Parameter and Data Efficient Continual Pre-training for Robustness to
Dialectal Variance in Arabic
- URL: http://arxiv.org/abs/2211.03966v1
- Date: Tue, 8 Nov 2022 02:51:57 GMT
- Title: Parameter and Data Efficient Continual Pre-training for Robustness to
Dialectal Variance in Arabic
- Authors: Soumajyoti Sarkar, Kaixiang Lin, Sailik Sengupta, Leonard Lausen,
Sheng Zha, Saab Mansour
- Abstract summary: We show that multilingual-BERT (mBERT) incrementally pretrained on Arabic monolingual data takes less training time and yields comparable accuracy when compared to our custom monolingual Arabic model.
We then explore two continual pre-training methods-- (1) using small amounts of dialectical data for continual finetuning and (2) parallel Arabic to English data and a Translation Language Modeling loss function.
- Score: 9.004920233490642
- License: http://arxiv.org/licenses/nonexclusive-distrib/1.0/
- Abstract: The use of multilingual language models for tasks in low and high-resource
languages has been a success story in deep learning. In recent times, Arabic
has been receiving widespread attention on account of its dialectal variance.
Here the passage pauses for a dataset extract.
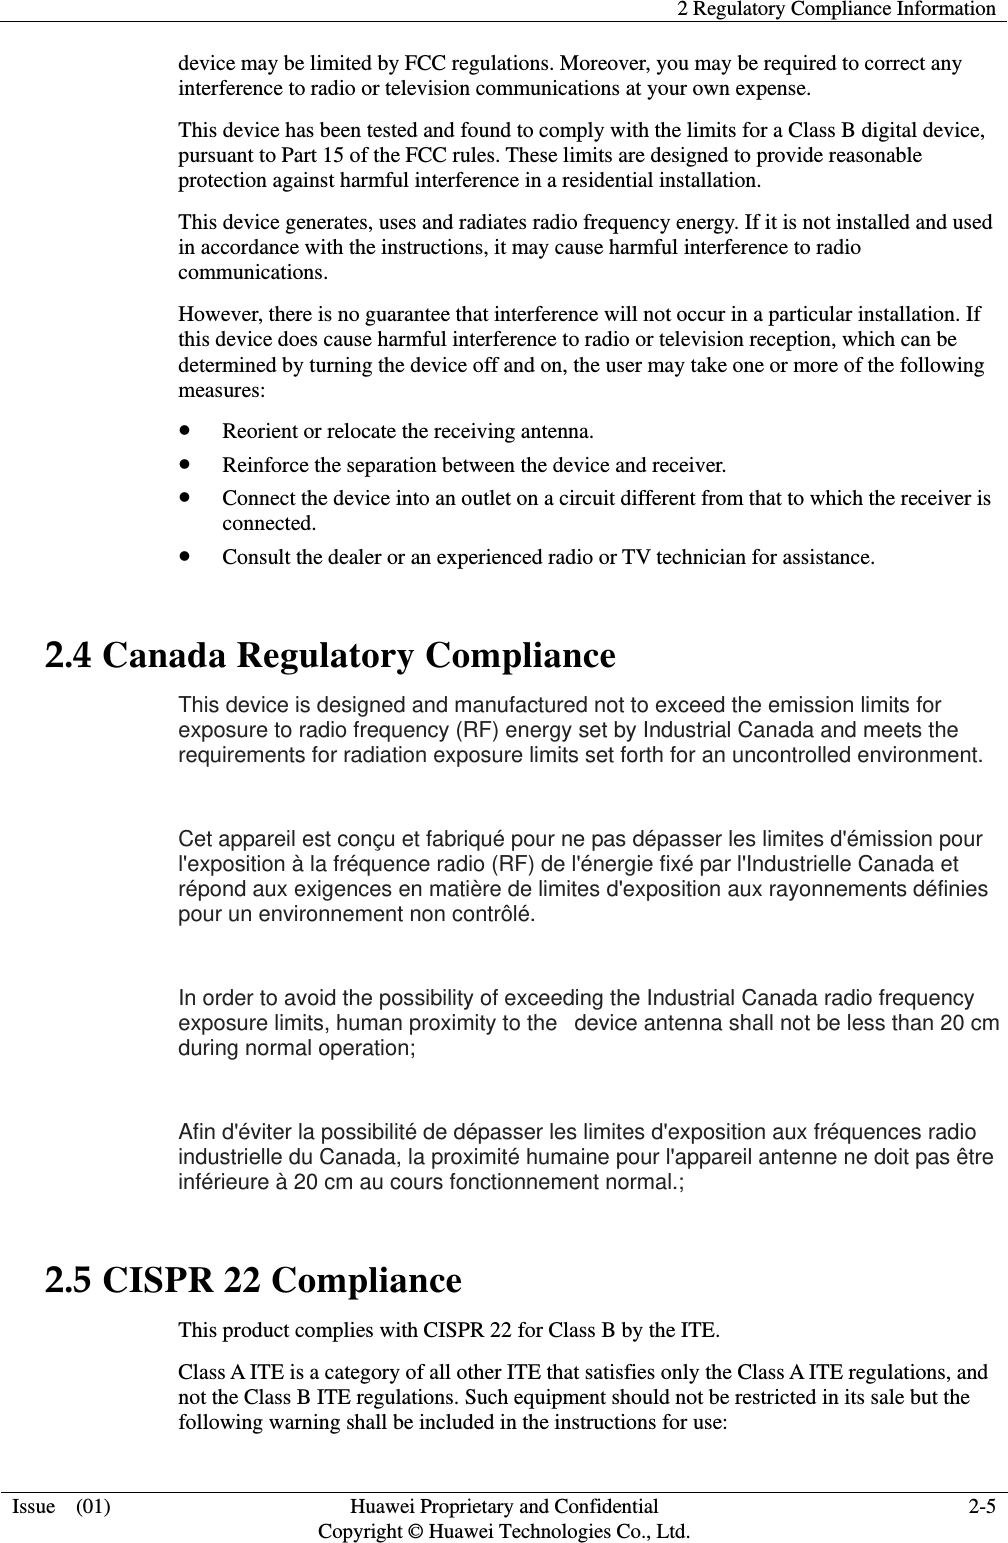    2 Regulatory Compliance Information  Issue  (01)  Huawei Proprietary and Confidential     Copyright © Huawei Technologies Co., Ltd. 2-5 device may be limited by FCC regulations. Moreover, you may be required to correct any interference to radio or television communications at your own expense. This device has been tested and found to comply with the limits for a Class B digital device, pursuant to Part 15 of the FCC rules. These limits are designed to provide reasonable protection against harmful interference in a residential installation. This device generates, uses and radiates radio frequency energy. If it is not installed and used in accordance with the instructions, it may cause harmful interference to radio communications. However, there is no guarantee that interference will not occur in a particular installation. If this device does cause harmful interference to radio or television reception, which can be determined by turning the device off and on, the user may take one or more of the following measures: z Reorient or relocate the receiving antenna. z Reinforce the separation between the device and receiver. z Connect the device into an outlet on a circuit different from that to which the receiver is connected. z Consult the dealer or an experienced radio or TV technician for assistance. 2.4 Canada Regulatory Compliance This device is designed and manufactured not to exceed the emission limits for exposure to radio frequency (RF) energy set by Industrial Canada and meets the requirements for radiation exposure limits set forth for an uncontrolled environment.    Cet appareil est conçu et fabriqué pour ne pas dépasser les limites d&apos;émission pour l&apos;exposition à la fréquence radio (RF) de l&apos;énergie fixé par l&apos;Industrielle Canada et répond aux exigences en matière de limites d&apos;exposition aux rayonnements définies pour un environnement non contrôlé.    In order to avoid the possibility of exceeding the Industrial Canada radio frequency exposure limits, human proximity to the   device antenna shall not be less than 20 cm during normal operation;    Afin d&apos;éviter la possibilité de dépasser les limites d&apos;exposition aux fréquences radio industrielle du Canada, la proximité humaine pour l&apos;appareil antenne ne doit pas être inférieure à 20 cm au cours fonctionnement normal.;   2.5 CISPR 22 Compliance This product complies with CISPR 22 for Class B by the ITE. Class A ITE is a category of all other ITE that satisfies only the Class A ITE regulations, and not the Class B ITE regulations. Such equipment should not be restricted in its sale but the following warning shall be included in the instructions for use:

While prior research studies have tried to adapt these multilingual models for
dialectal variants of Arabic, it still remains a challenging problem owing to
the lack of sufficient monolingual dialectal data and parallel translation data
of such dialectal variants. It remains an open problem on whether the limited
dialectical data can be used to improve the models trained in Arabic on its
dialectal variants. First, we show that multilingual-BERT (mBERT) incrementally
pretrained on Arabic monolingual data takes less training time and yields
comparable accuracy when compared to our custom monolingual Arabic model and
beat existing models (by an avg metric of +$6.41$). We then explore two
continual pre-training methods-- (1) using small amounts of dialectical data
for continual finetuning and (2) parallel Arabic to English data and a
Translation Language Modeling loss function. We show that both approaches help
improve performance on dialectal classification tasks ($+4.64$ avg. gain) when
used on monolingual models.
Related papers
- Bilingual Adaptation of Monolingual Foundation Models [48.859227944759986]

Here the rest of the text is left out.